IMPORTANT: always disconnect the battery before working on the alternator; the battery should be disconnected -ve terminal first; reconnected -ve terminal last - if you work on the +ve battery terminal while the -ve terminal is still hooked up you risk damage, fire and injury. Always disarm your alarm just before removing the -ve terminal (you have <60s from disarming alarm to disconnecting terminal; otherwise alarm goes ape).

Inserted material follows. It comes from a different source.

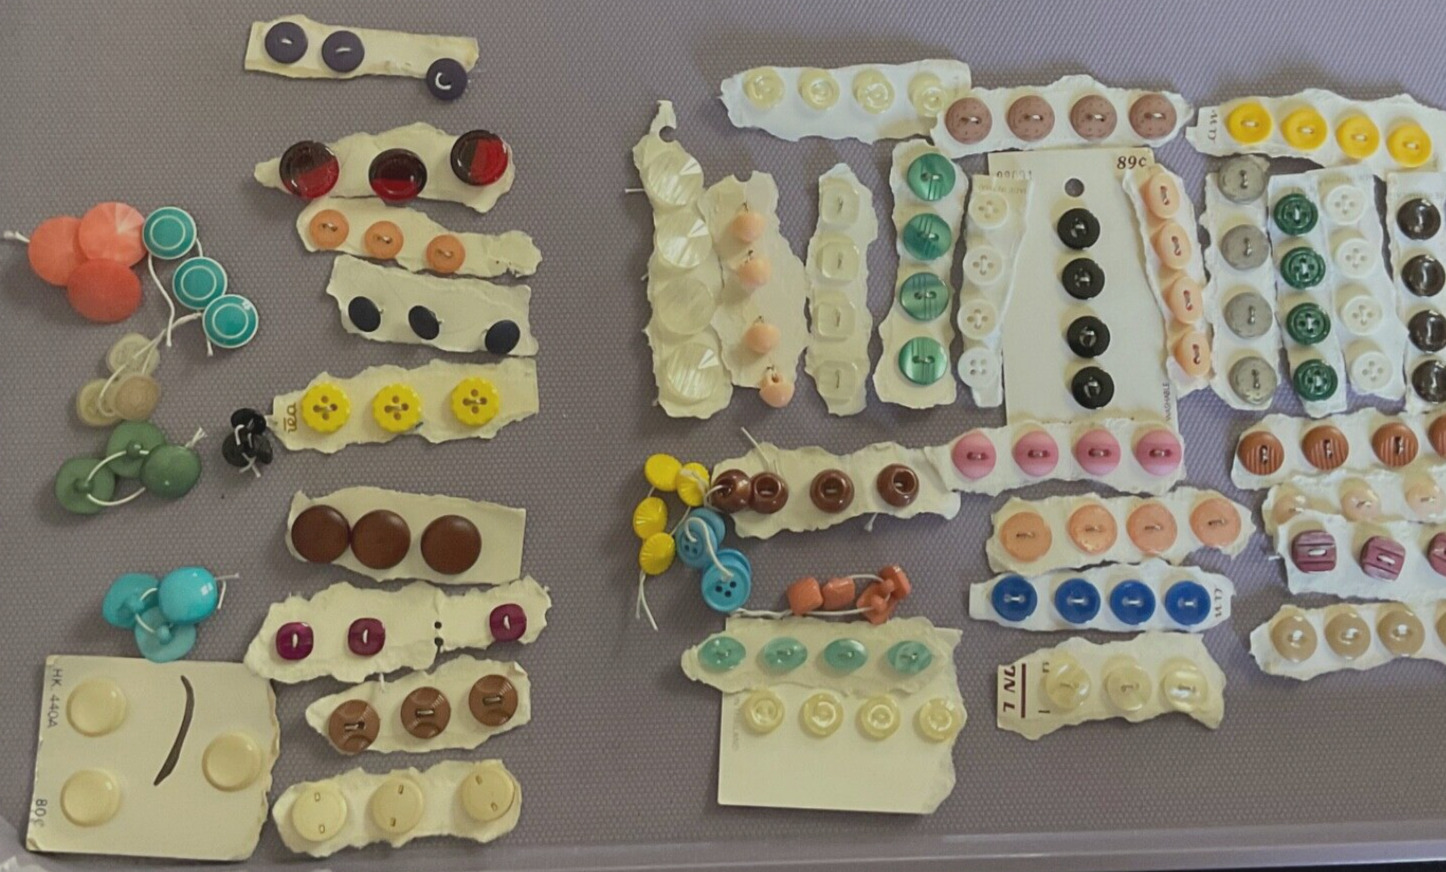 Big Lot of  150+ Vintage Sewing Buttons - Sets of 3 & 4

For the S1 I would lay money on the little wire (and possibly the big wire too) having broken off right at the back of the alternator. You'll need to remove the undertray and reach up and pull on the wires to see if any of them come loose. A little mirror on a telescopic stick (like the sort of thing a dentist uses) might help too. If you ignored my advice, you will just have discovered why you needed to disconnect the battery
For the S2 the failure is more likely to be inside the plastic cover on the back of the alternator itself, though still just a fractured wire that could be repaired by removing the alternator, removing the back cover, spotting broken wire and the rewiring it.
In all cases, finding something durable to rewire it with is the hard part. The crimp terminals are prone to vibration fracture and the wires are exposed to a lot of radiated heat from the exhaust manifold - you need to make sure all your heatshields are in order. Where the heatshields are broken (or for early S1s) not fitted, replace or fit them - otherwise you'll have repeat failures.

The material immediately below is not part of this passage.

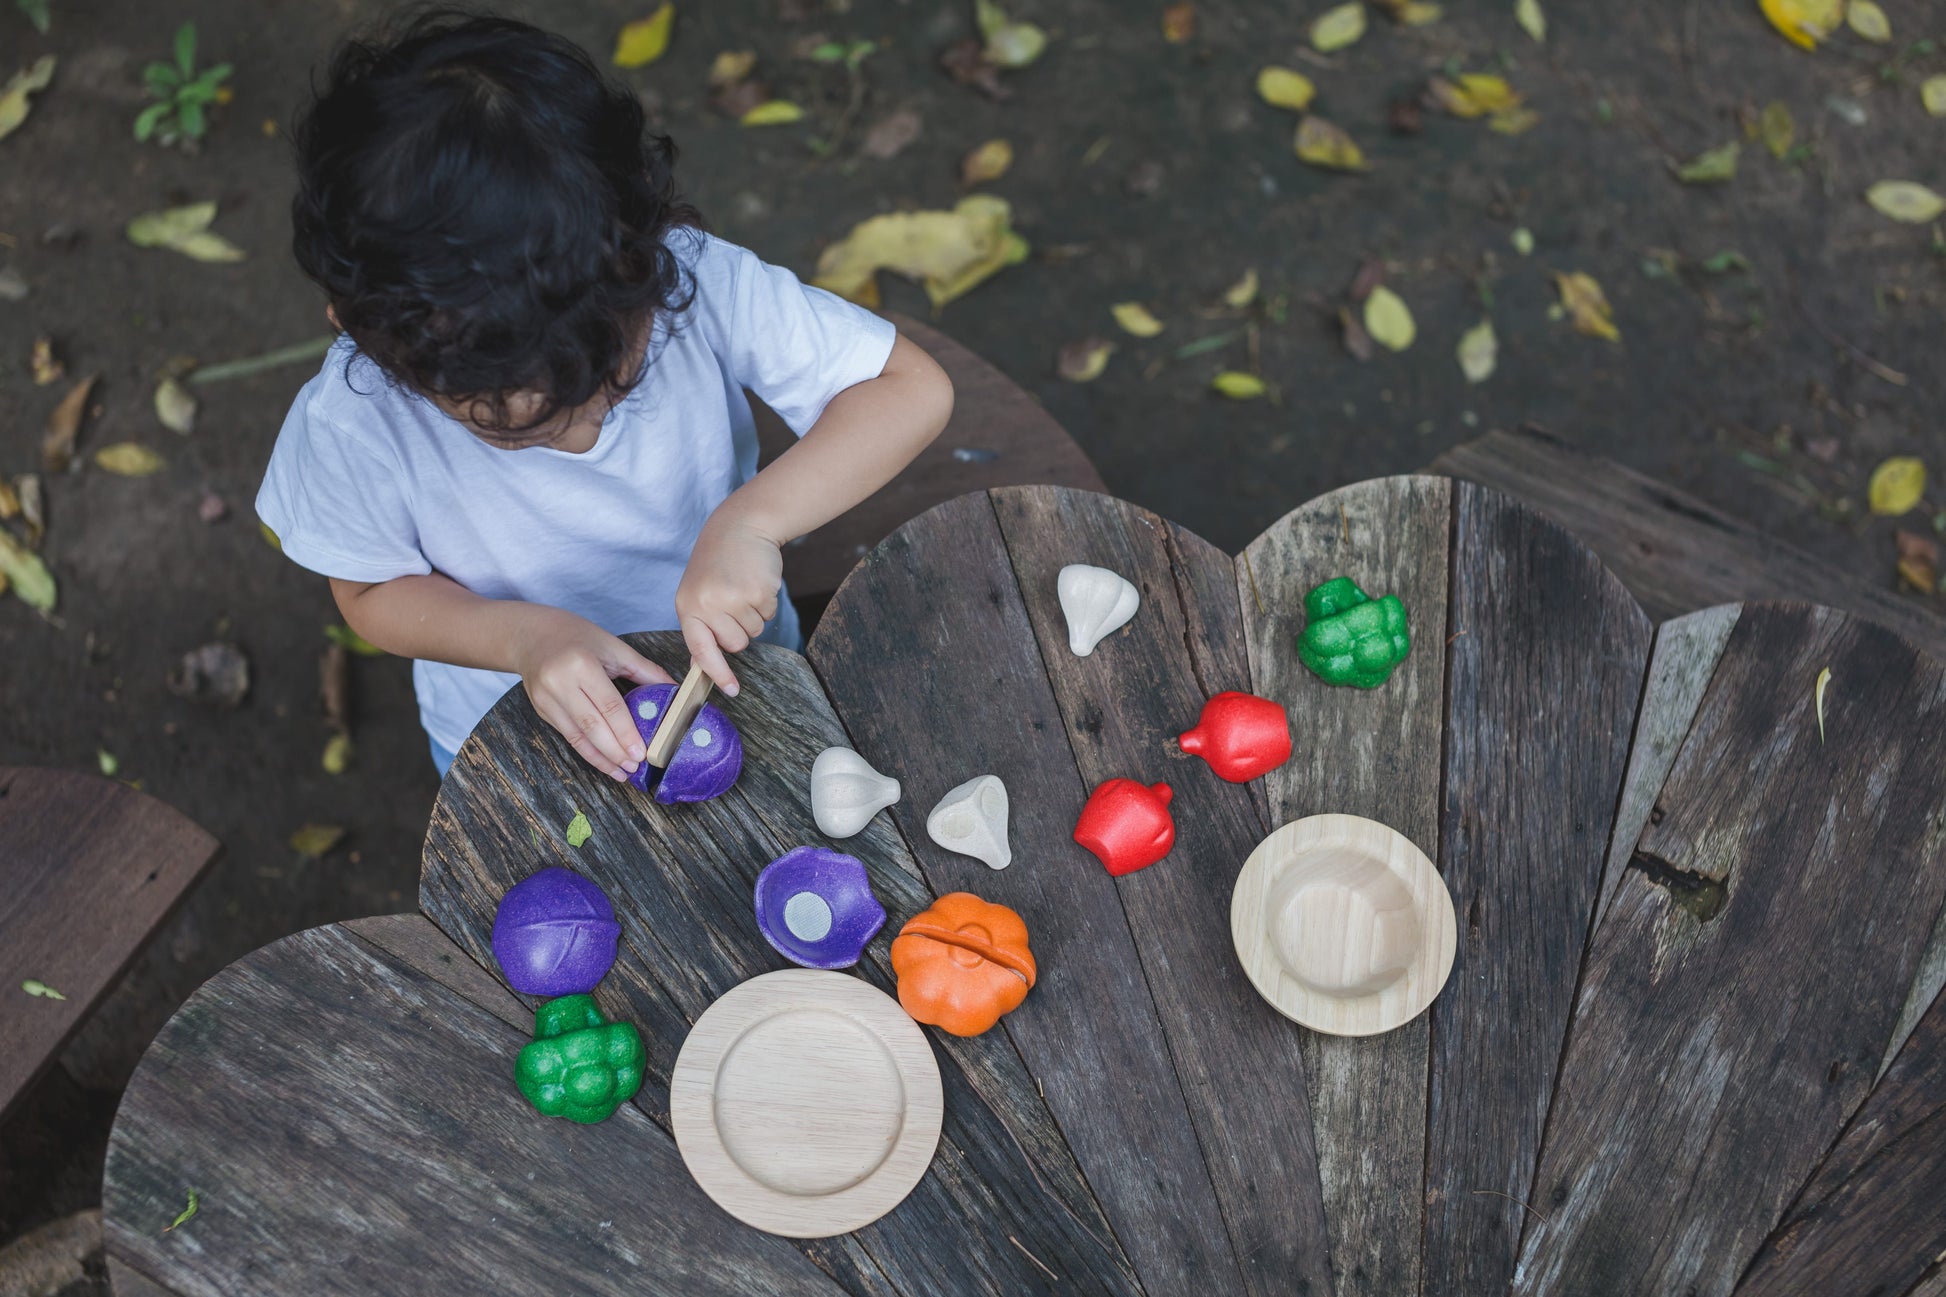 A child playing with a set of colorful wooden vegetables and wooden plates on a woo table

If the crimp terminals/associated wiring fails more than once every couple of years you have a heatshielding or vibration issue, IMHO.

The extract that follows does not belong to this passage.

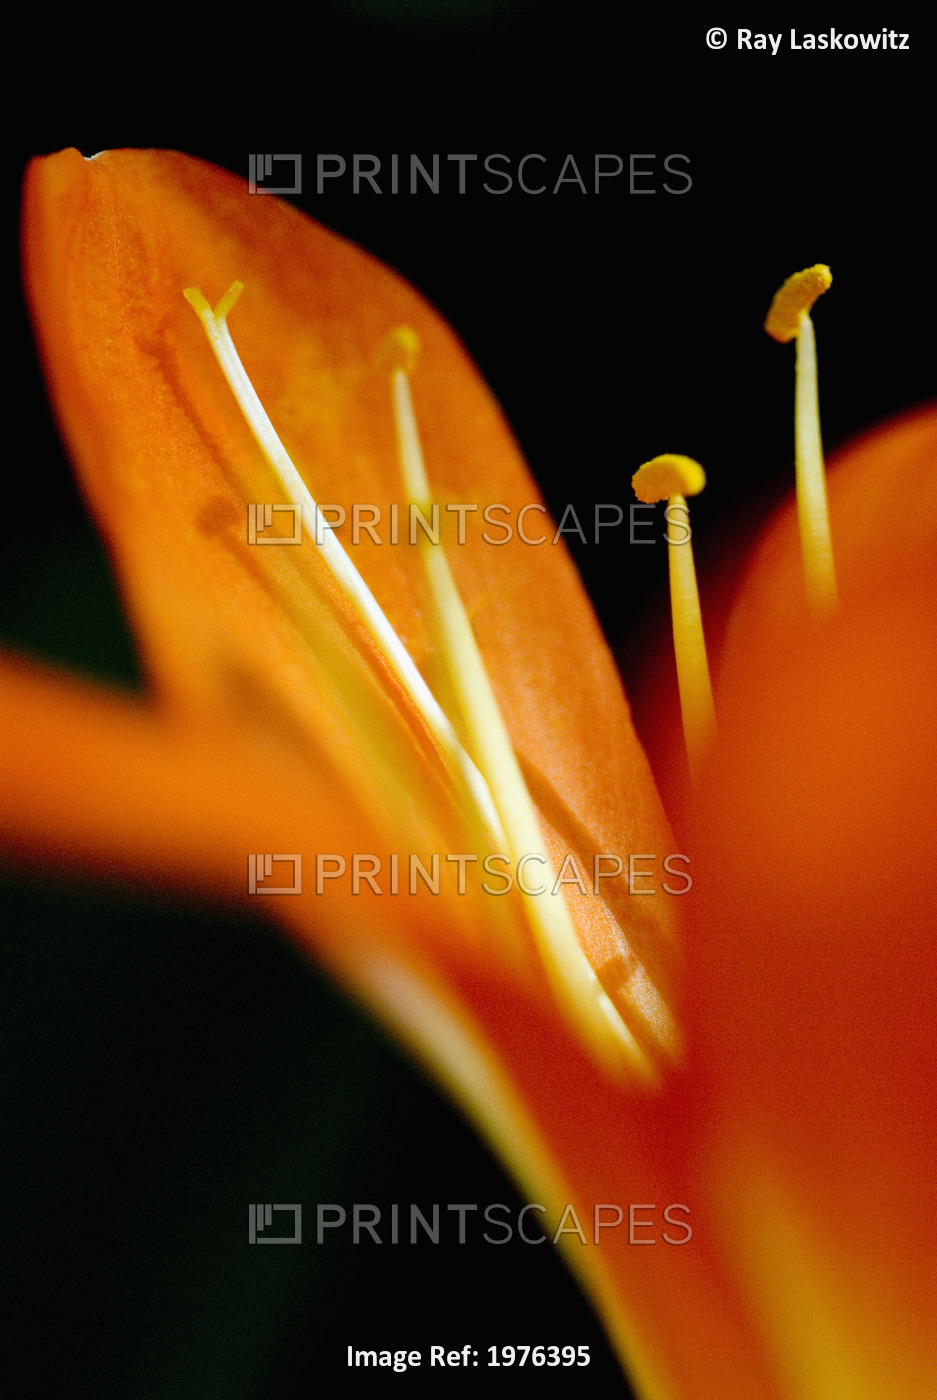 Extreme Close-Up Of Orange Day Lily Petals.

In either case you could still have a broken regulator pack; this can be replaced without replacing the alternator if the coils and brushes are still in good working order - but I don't have a source for the regulator pack, so a recon unit might be best bet. The packs sometimes break when the control or load wires go make/break/make/break repeatedly while the alternator is under load - the broken wire is the root cause of the problem, but the reg pack takes it in the shorts at the same time unfortunately.